Dataset items
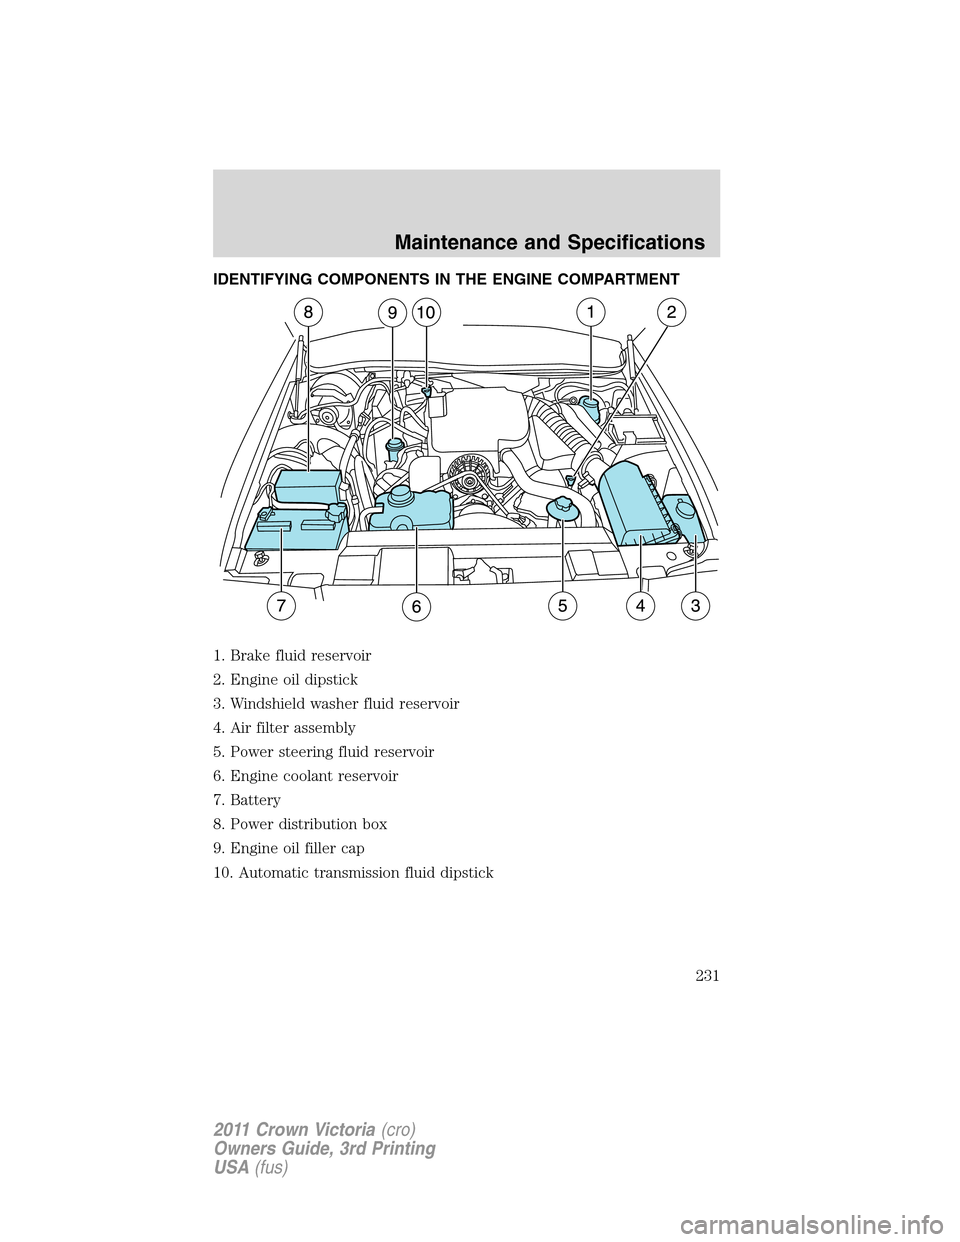 Mercury Grand Marquis 1011  s Service Manual IDENTIFYING COMPONENTS IN THE ENGINE COMPARTMENT
1. Brake fluid reservoir
2. Engine oil dipstick
3. Windshield washer fluid reservoir
4. Air filter assembly
5. Power steering fluid reservoir
6. Engine

*Work task:*
Each record above goes into the copy unchanged; the pictures do not.

*Answer to the exercise:*
 Mercury Grand Marquis 1011  s Service Manual IDENTIFYING COMPONENTS IN THE ENGINE COMPARTMENT
1. Brake fluid reservoir
2. Engine oil dipstick
3. Windshield washer fluid reservoir
4. Air filter assembly
5. Power steering fluid reservoir
6. Engine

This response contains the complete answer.